- Reissue cover artwork

EP by Angel Olsen
- Released: 2010
- Genre: Americana; indie folk;
- Label: Bathetic

Angel Olsen chronology
|  | Strange Cacti (2010) | Lady of the Waterpark (2010) |

= Strange Cacti =

Strange Cacti is the debut extended play (EP) by American singer-songwriter and musician Angel Olsen.

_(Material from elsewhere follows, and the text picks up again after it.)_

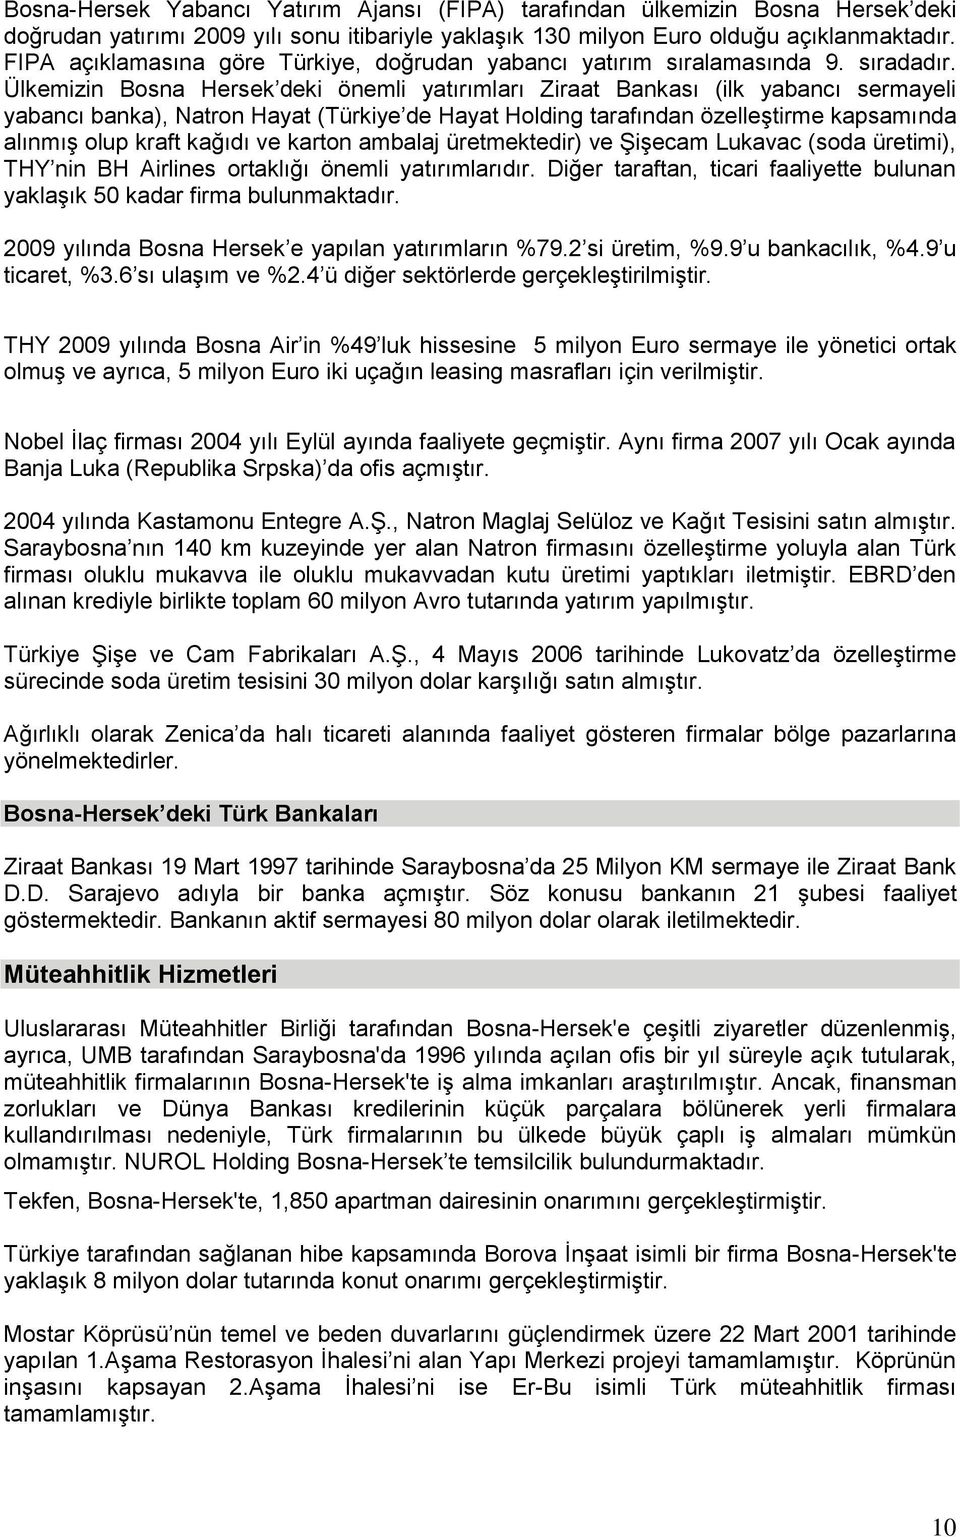 Ülkemizin Bosna Hersek deki önemli yatırımları Ziraat Bankası (ilk yabancı sermayeli yabancı banka), Natron Hayat (Türkiye de Hayat Holding tarafından özelleģtirme kapsamında alınmıģ olup kraft

Originally released on cassette in 2010, it was later reissued by Bathetic Records in 2011. The record consists of six tracks of Americana and indie folk, featuring only voice and guitar.

==Critical reception==

AllMusic critic Marcy Donelson thought that "her [Olsen's] ability to write expressive melodies and to deliver raw lyrics with clumsy sincerity and unusual technique gives Olsen the potential to be downright fascinating to others." Under the Radars Frank Valish wrote: "Putting the needle down on the record feels like setting down an old Dinah Washington 78 RPM, with Olsen's gloriously emotive voice serenading through a smoky haze as if from another world, at once enchanting and mysterious."

Professional ratings
Review scores
| Source | Rating |
| AllMusic |  |
| Under the Radar | 7/10 |

==Track listing==
1. "Tiniest Lights"
2. "If It's Alive, It Will"
3. "So That We Can Be Still"
4. "Drunk and With Dreams"
5. "Some Things Cosmic"
6. "Creator, Destroyer"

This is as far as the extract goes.